Machine learning approaches for estimating cross-neutralization potential among FMD serotype O viruses

Abstract

AbstractIn this study, we aimed to develop an algorithm that uses sequence data to estimate cross-neutralization between serotype O foot-and-mouth disease viruses (FMDV) based on r1 values, while identifying key genomic sites associated with high or low r1 values. The ability to estimate cross-neutralization potential among co-circulating FMDVs in silico is significant for vaccine developers, animal health agencies making herd immunization decisions, and disease preparedness. Using published data on virus neutralization titer (VNT) assays and associated VP1 sequences from GenBank, we applied machine learning algorithms (BORUTA and random forest) to predict potential cross-reaction between serum/vaccine-virus pairs for 73 distinct serotype O FMDV strains. Model optimization involved tenfold cross-validation and sub-sampling to address data imbalance and improve performance. Model predictors included amino acid distances, site-wise amino acid polymorphisms, and differences in potential N-glycosylation sites.The dataset comprised 108 observations (serum-virus pairs) from 73 distinct viruses with r1 values. Observations were dichotomized using a 0.3 threshold, yielding putative non-cross-neutralizing (< 0.3 r1 values) and cross-neutralizing groups (≥ 0.3 r1 values). The best model had a training accuracy, sensitivity, and specificity of 0.96 (95% CI: 0.88-0.99), 0.93, and 0.96, respectively, and an accuracy of 0.94 (95% CI: 0.71-1.00), sensitivity of 1.00, and specificity of 0.93, positive, and negative predictive values of 0.60 and 1.00, respectively, on one testing dataset and an accuracy, AUC, sensitivity, specificity, and predictive values all approaching 1.00 on a second testing dataset.
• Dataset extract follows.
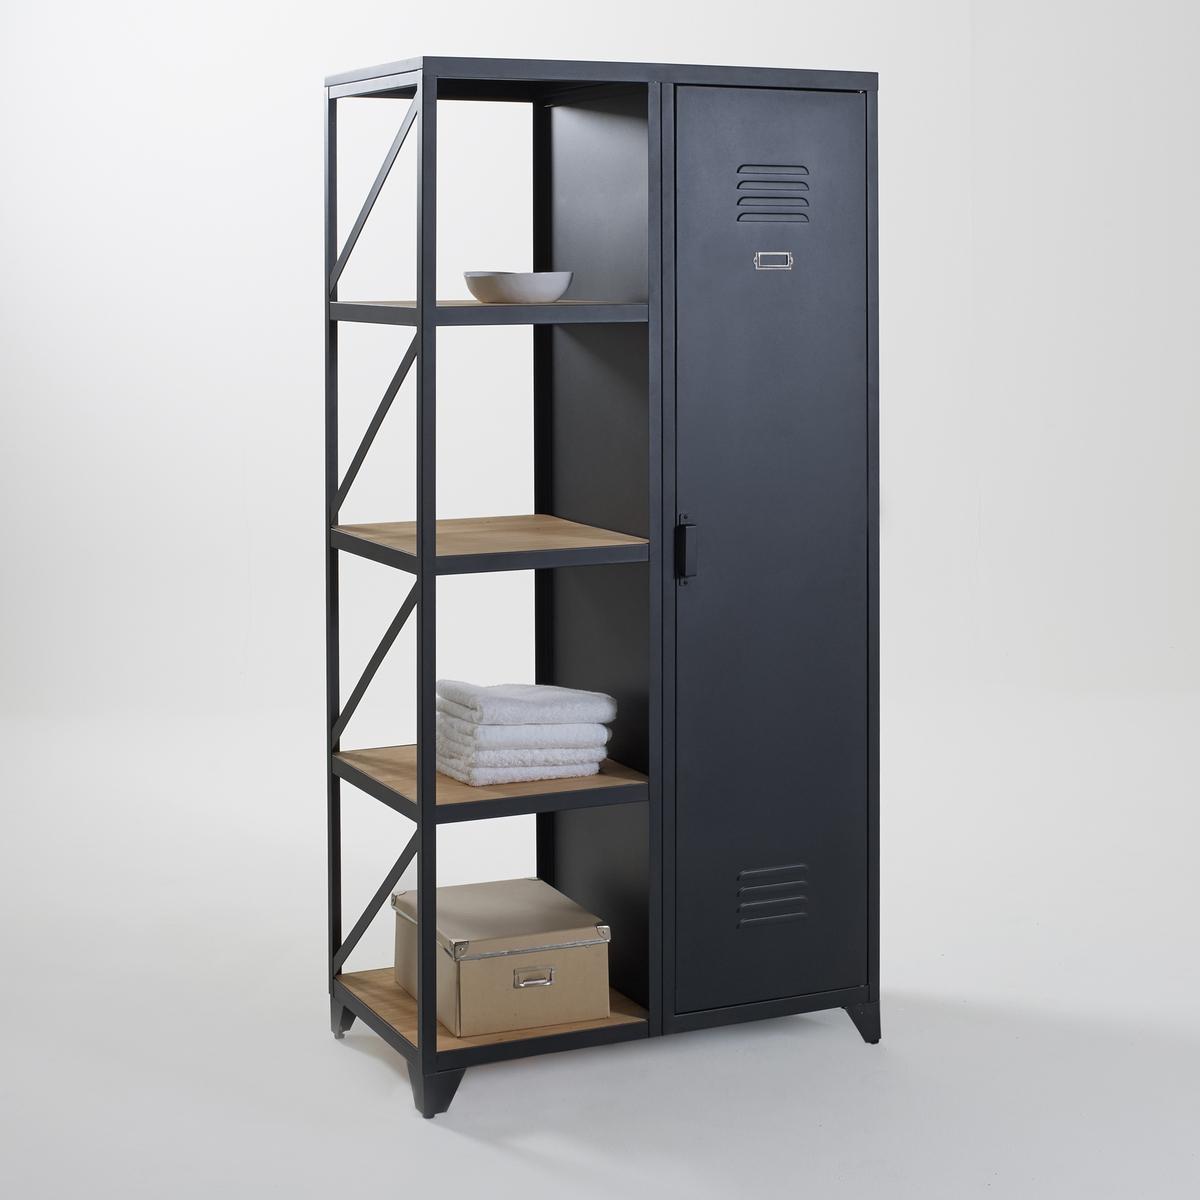 Шкаф-стеллаж La Redoute С дверцей из металла и сосны покрытой олифой Hiba единый размер черный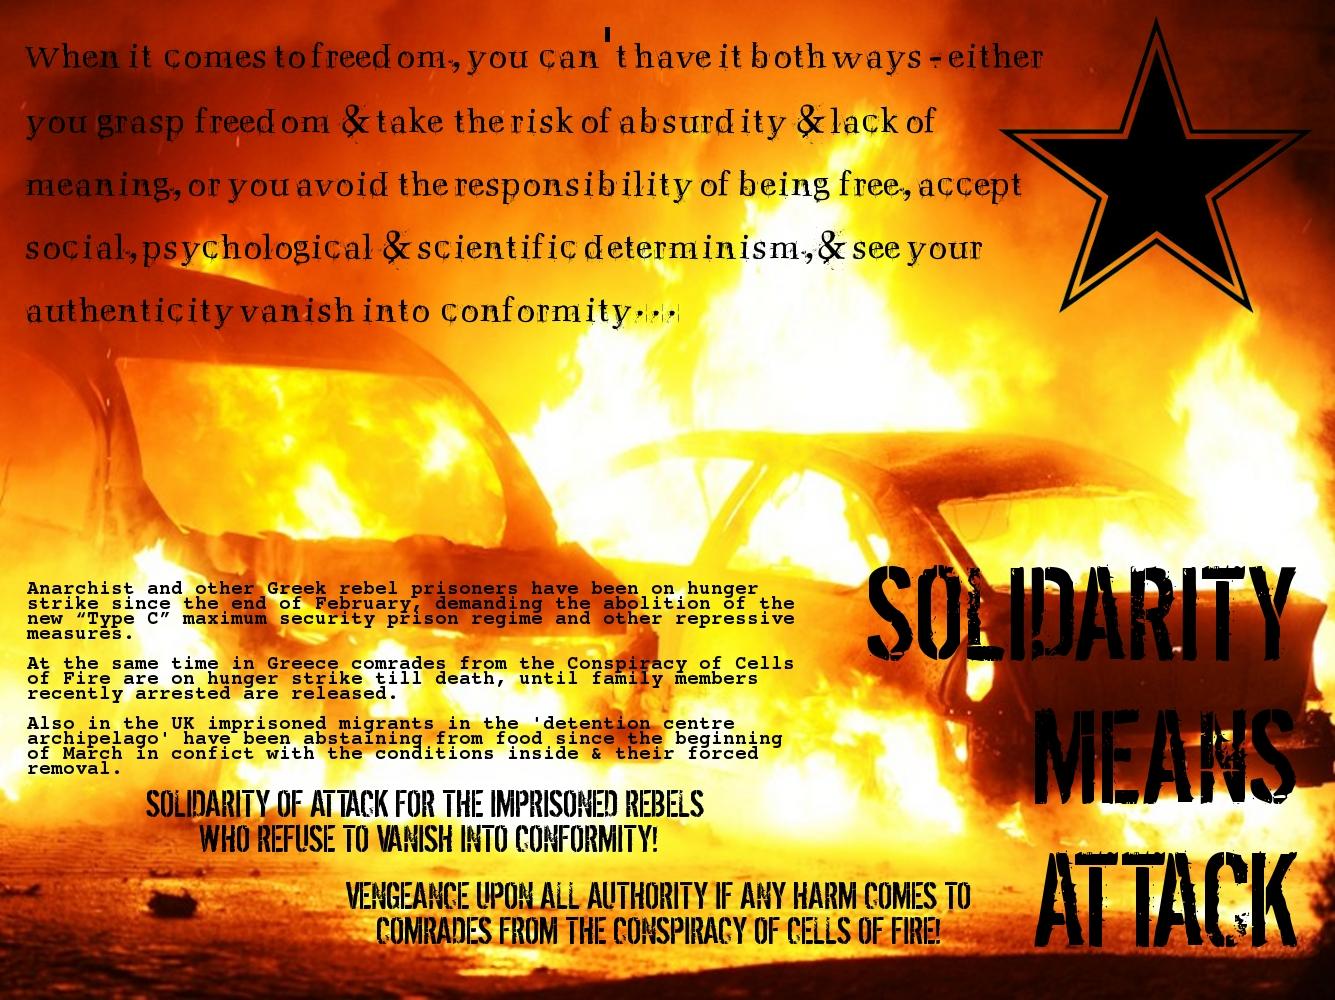 solidarityattack

Additionally, amino acid positions 48, 100, 135, 150, and 151 in the VP1 region alongside amino acid distance were found to be important predictors of cross-neutralization.Our study highlights the value of genetic/genomic data for informing immunization strategies in disease management and understanding potential immune-mediated competition amongst related endemic strains of serotype O FMDVs in the field. We also showcase leveraging routinely generated sequence data and applying a parsimonious machine learning model to expedite decision-making in selection of vaccine candidates and application of vaccines for controlling FMD, particularly serotype O. A similar approach can be applied to other serotypes.